16. Privacy & confidentiality
Both parties agree to treat information which may be considered as the other party’s professional or business secrets (whether in verbal, written or electronic form or in any other form) as private and confidential, unless the party supplying the said information expressly gives its written consent to the contrary. This means that neither party may divulge this information to a third party or use this information for purposes other than the performance or implementation of this agreement. Both parties must also ensure that this commitment is observed and respected by all employees, staff, agents or other persons to whom such information is revealed. This privacy and confidentiality obligation will continue to apply for 2 (two) years after the termination of this agreement. However, the privacy and confidentiality obligations will not apply to information which is widely known or for which a party can demonstrate that it became aware of the information via any means other than these General Terms of Sale. The privacy and confidentiality obligations will also not apply when a party is required to supply the information in compliance with a law, a regulation or a decision by the authorities.
The Client may contact Mention by post at Mention Solutions SAS, 16, Passage Jouffroy, 75009 Paris, France or by e-mail at support@Mention.com.
When Mention needs to contact the Client, Mention will use the postal address or e-mail address which the client supplied at the time it subscribed to the Services or contained in the Purchase Order. The Client is responsible for ensuring that this contact information is kept up to date.
Mention may also send marketing communications to the Client concerning Mention’s products, services and events.

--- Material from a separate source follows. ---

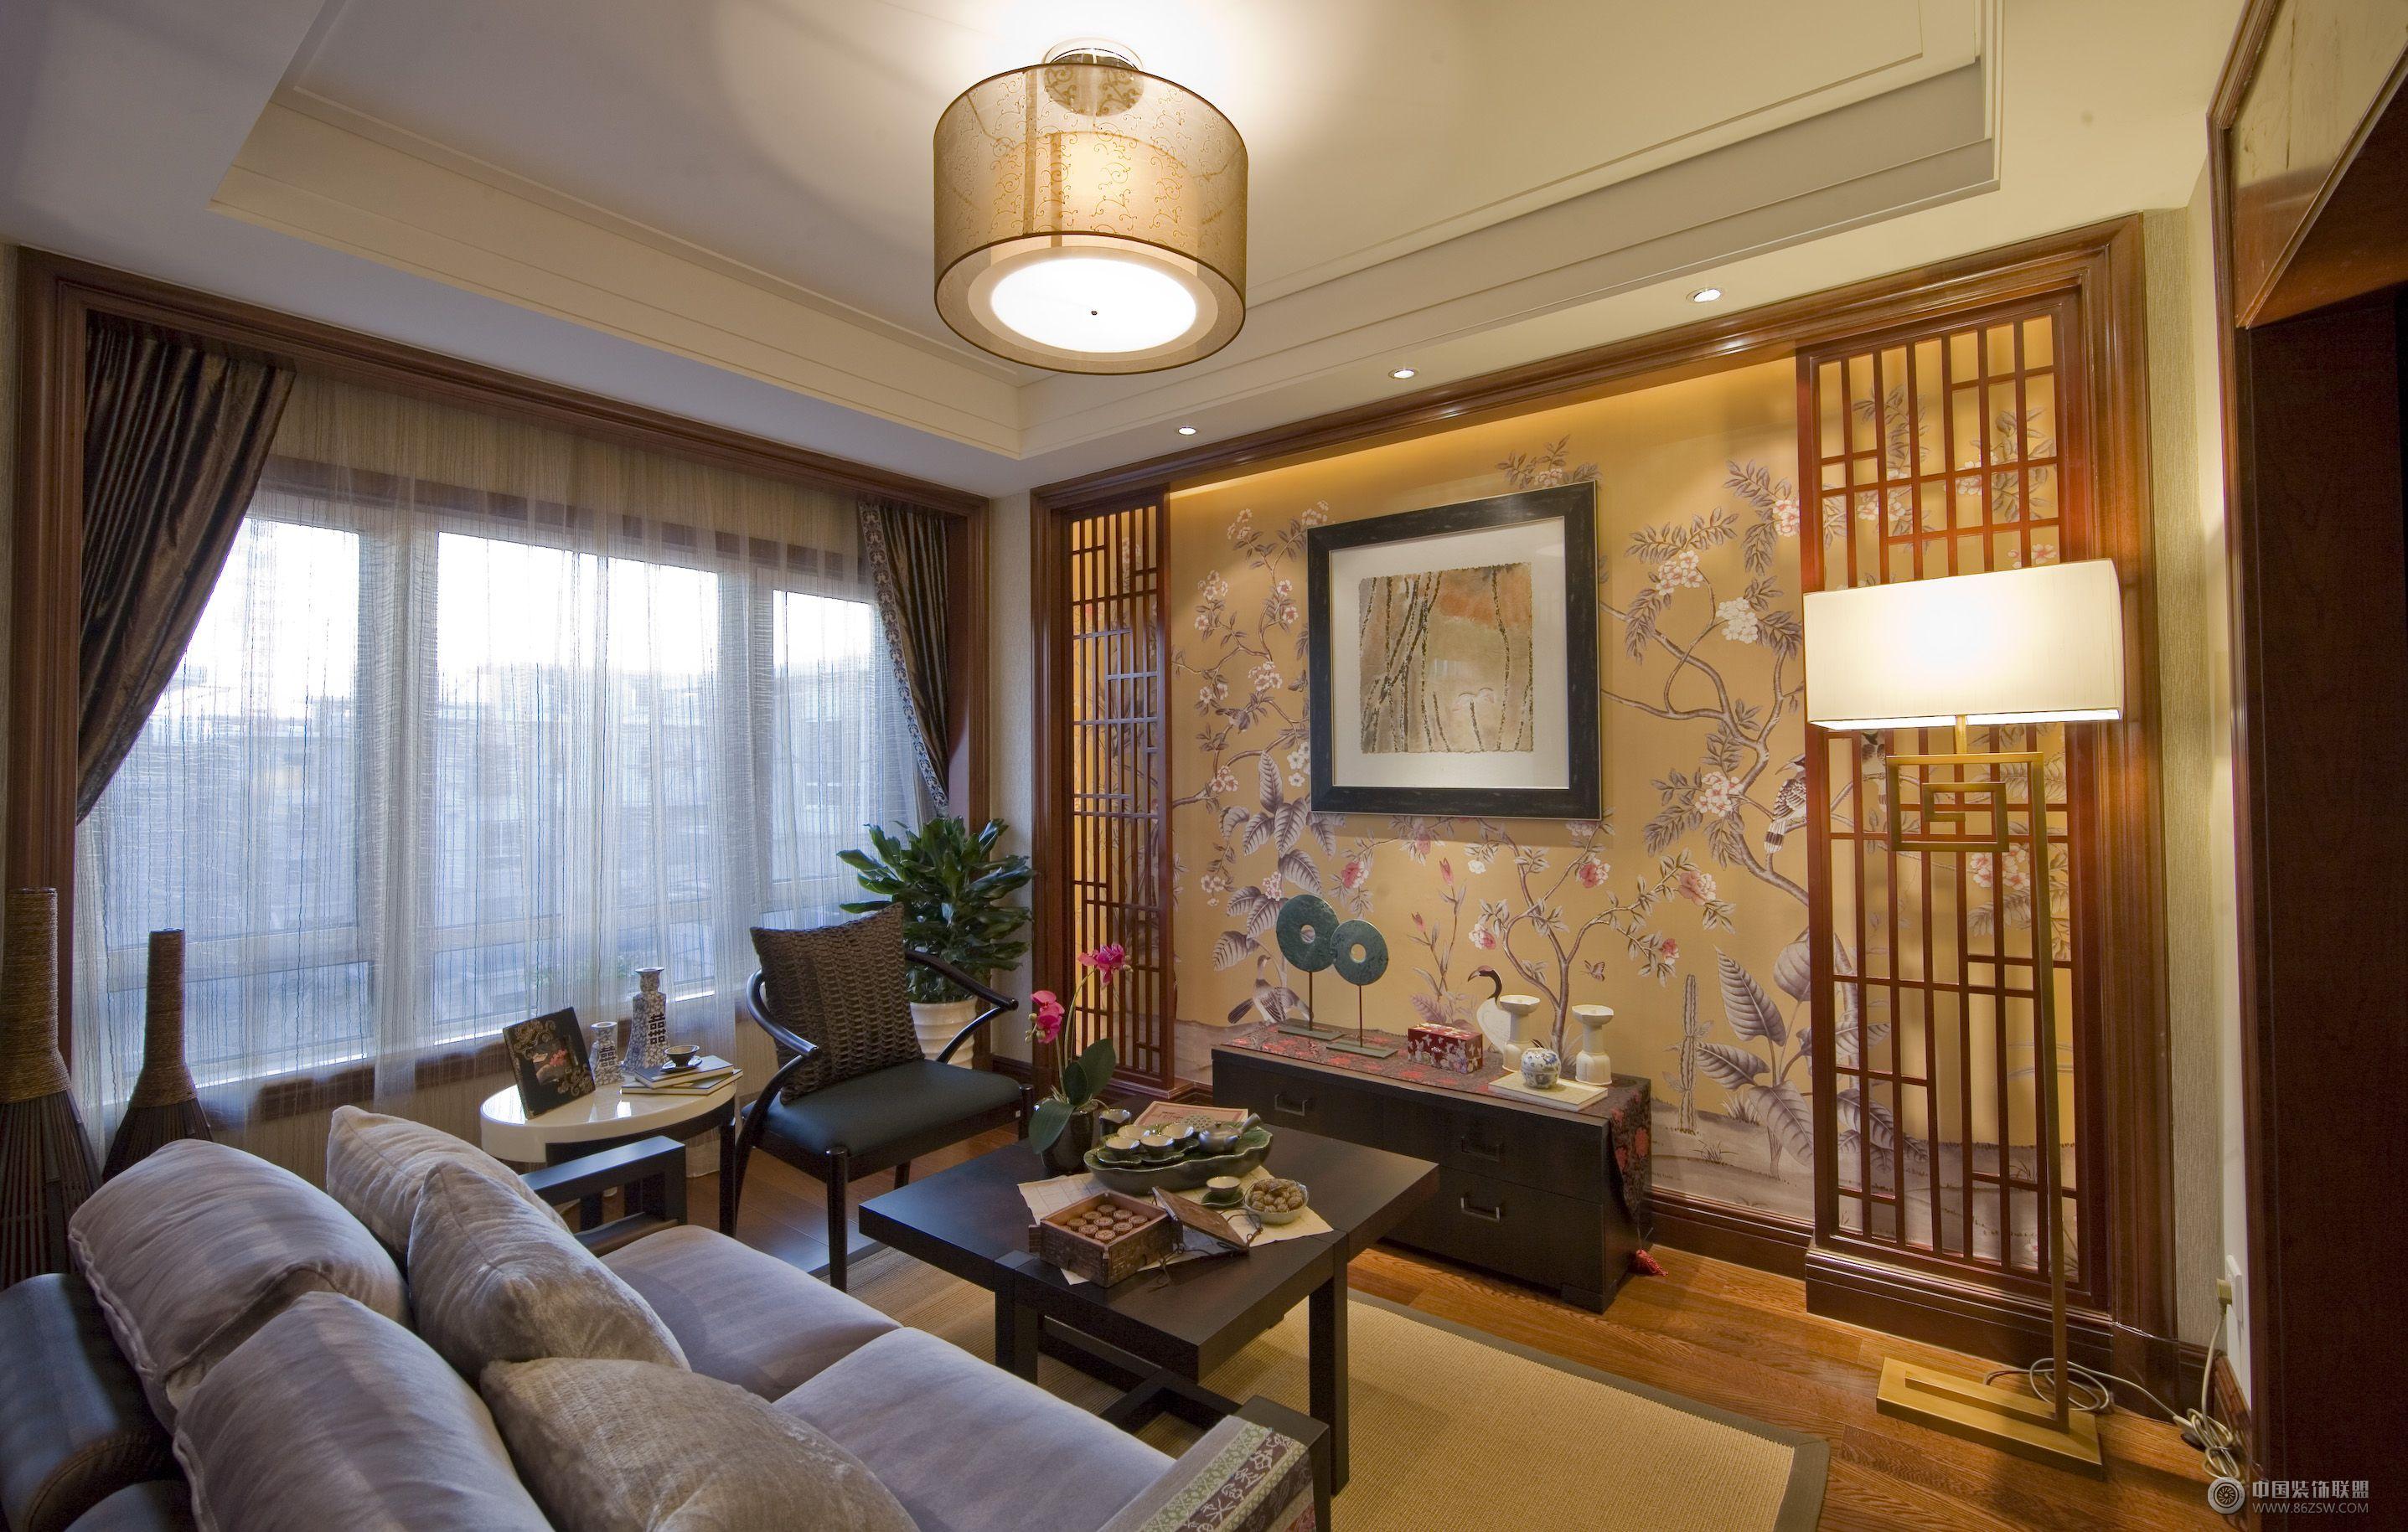 中式风格豪华复式设计效果图 餐厅装修图片

18. Modifications to the General Terms of Sale
Mention may modify the General Terms of Sale. If such changes significantly modify the Client’s rights and obligations, the Client will be informed of these changes by email or via information provided within the Services or on the Mention Website. All changes will take effect 1 (one) month after Mention has informed the Client of them, as stated above.
19. Business references
Unless expressly stated in the Purchase Order or notified to Mention by any appropriate written method, the Client authorises Mention to use its name, brand, logo and website details as business references on any media and in any form.
20. The transfer of services
These General Terms of Sale are valid between the parties and cannot be transferred or disposed of without written authorisation. However, Mention may wholly or partially transfer the provision of the Services to another company belonging to the same group as Mention. All rights and obligations existing between the Client and Mention will then apply between the Client and the company assuming the provision of the Services.

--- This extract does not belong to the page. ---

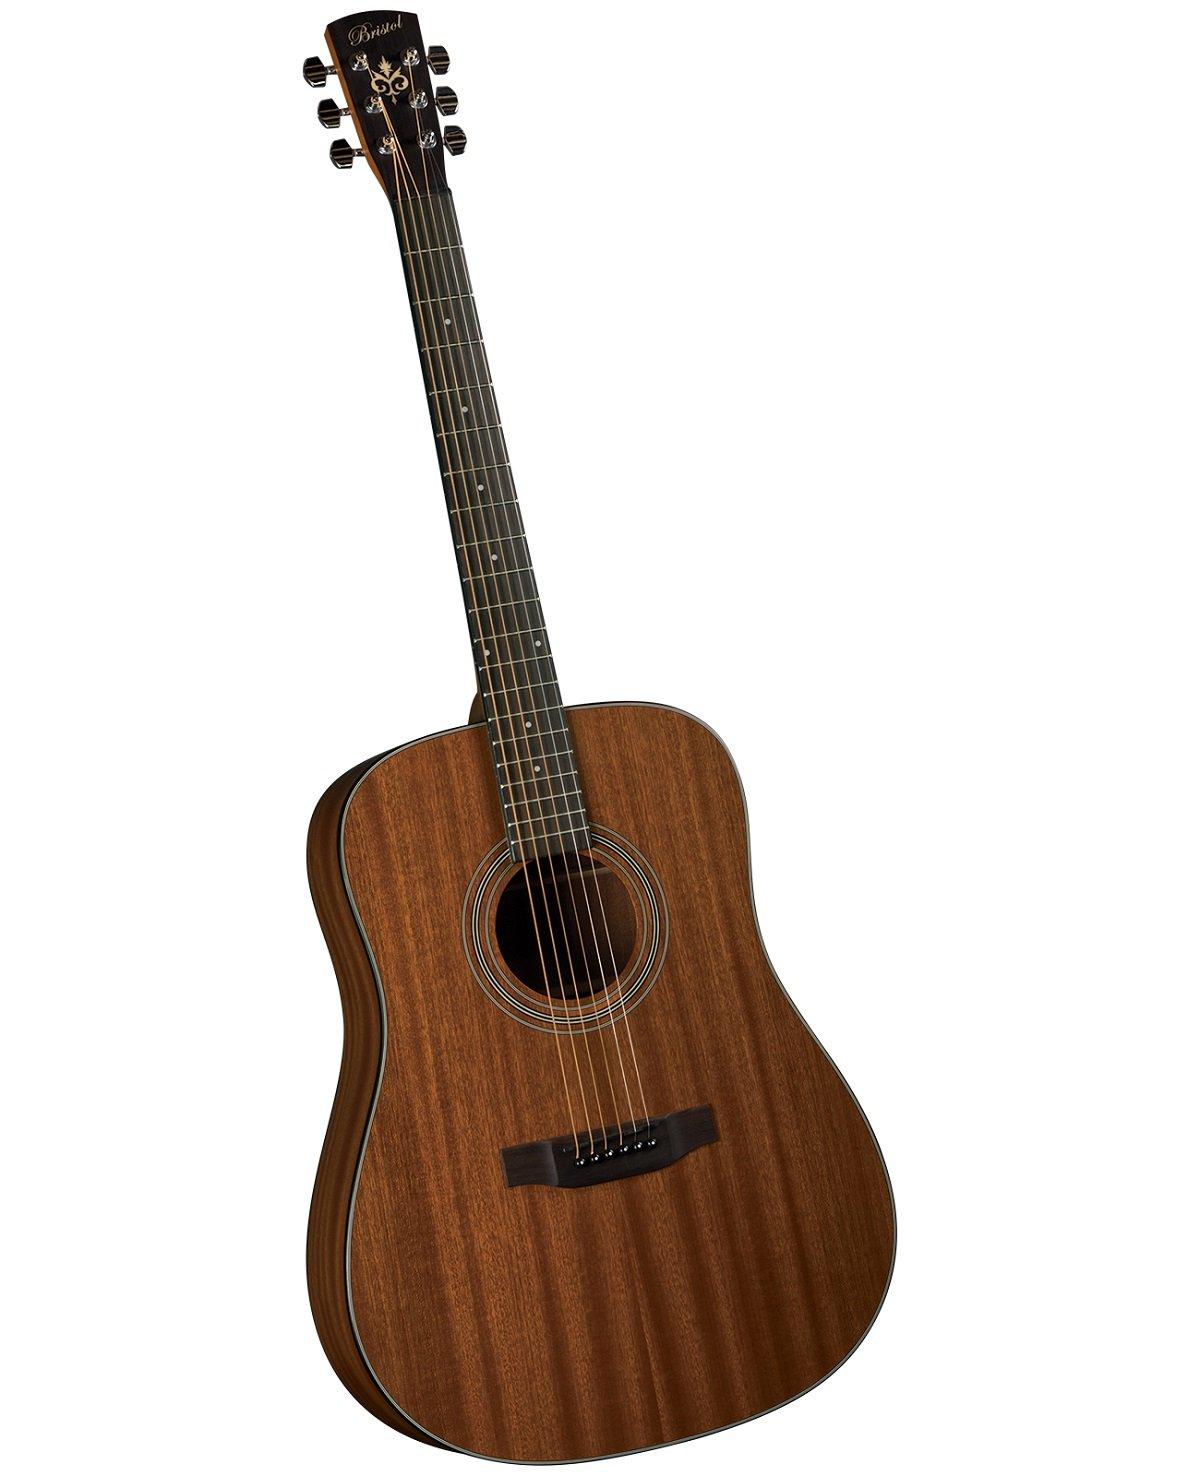 Bristol BD-15 Dreadnought Acoustic Guitar

21. Applicable law and dispute resolution
Unless other provisions apply concerning the mandatory applicable law, these General Terms of Sale and the relationship between the Client, you and Mention will be interpreted and applied pursuant to French law. Unless otherwise stipulated by the over-riding applicable law, any disputes arising as a result of these General Terms of Sale or the relationship between the parties will be settled by the French general courts and the Tribunal de Commerce de Paris (Paris Commercial Court) in first instance.